# [Your objective]
Wherever an image appears in the data, omit it and copy all the remaining text word for word.

# [Data below]
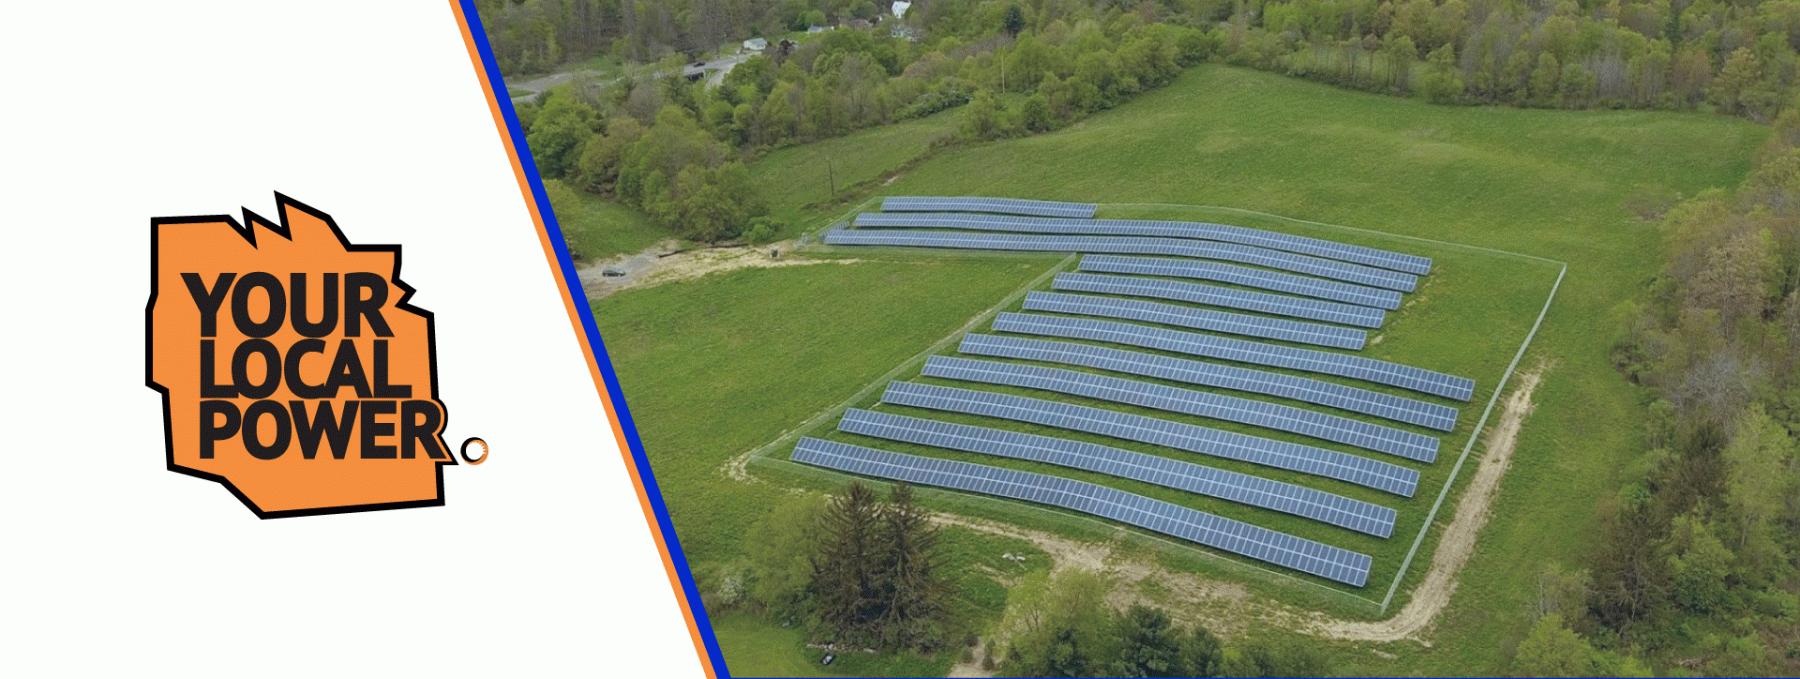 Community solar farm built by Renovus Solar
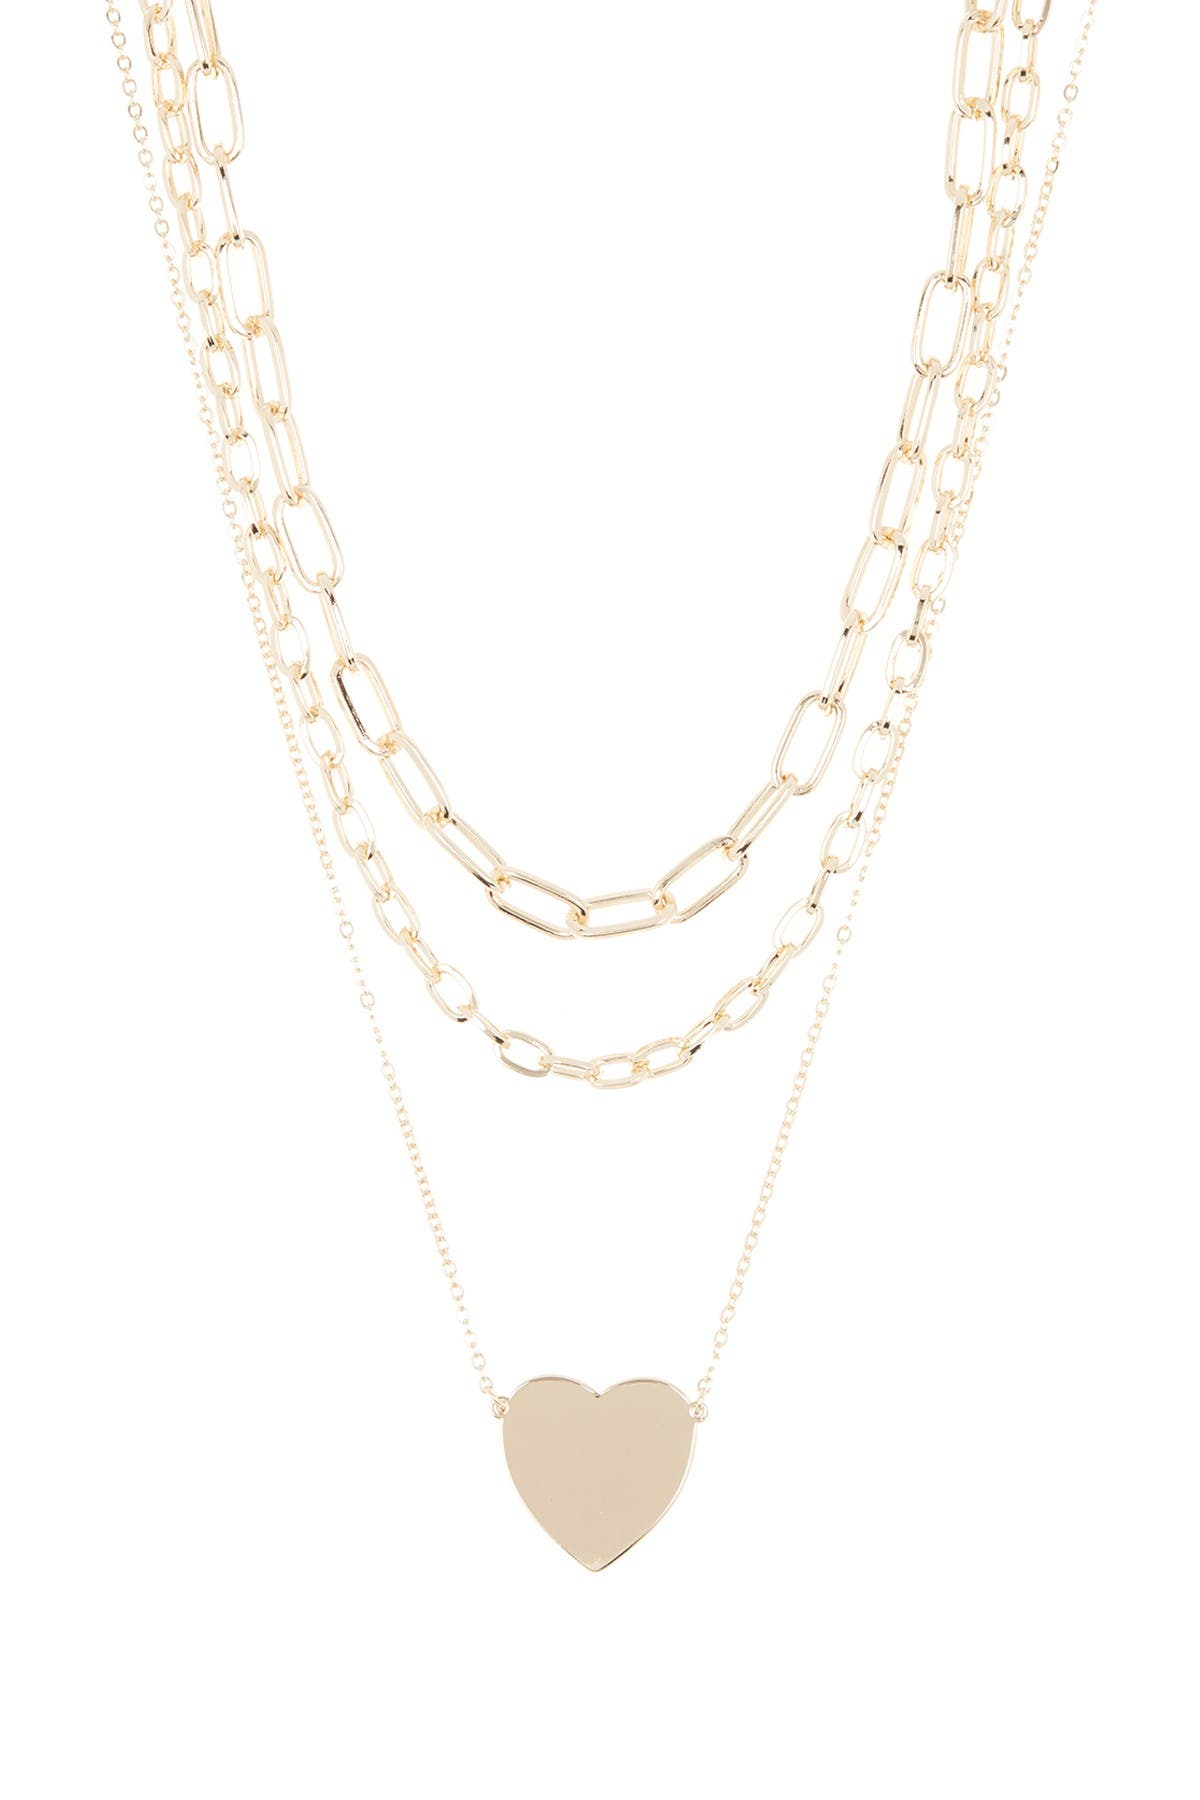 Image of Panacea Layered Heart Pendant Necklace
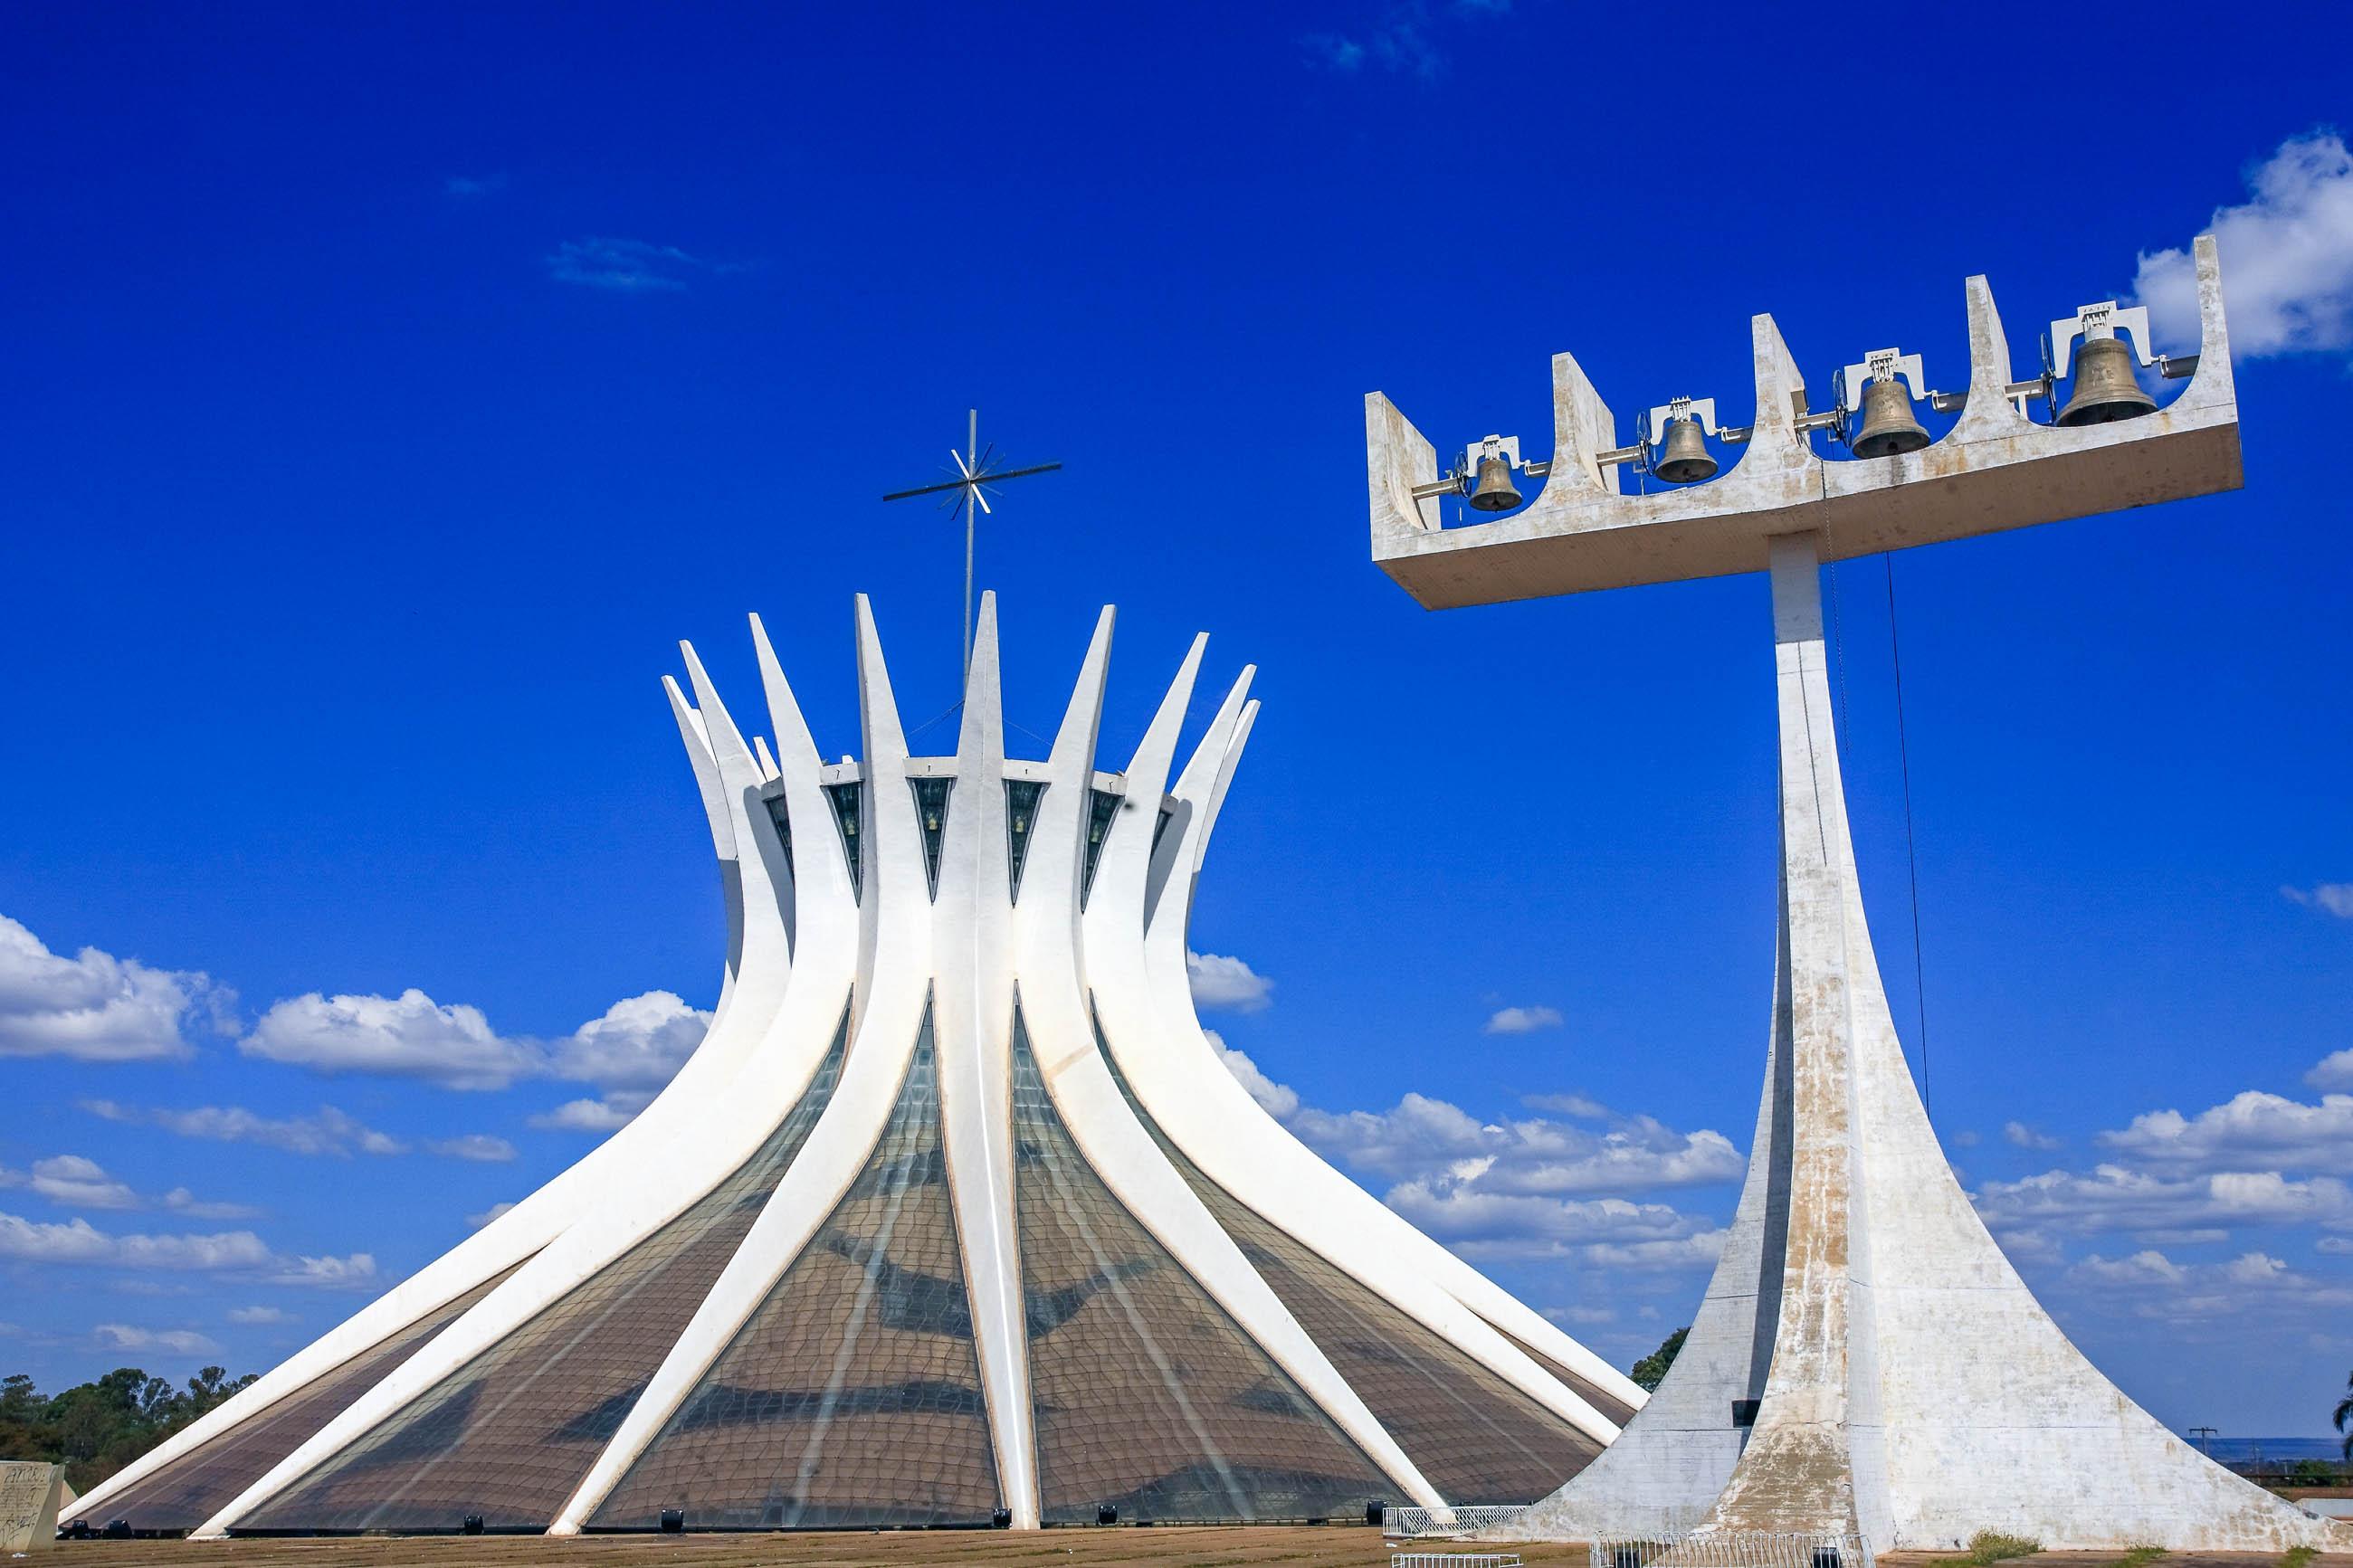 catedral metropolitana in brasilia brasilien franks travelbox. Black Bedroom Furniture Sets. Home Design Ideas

# [Answer to this exercise]
 Community solar farm built by Renovus Solar
 Image of Panacea Layered Heart Pendant Necklace
 catedral metropolitana in brasilia brasilien franks travelbox. Black Bedroom Furniture Sets. Home Design Ideas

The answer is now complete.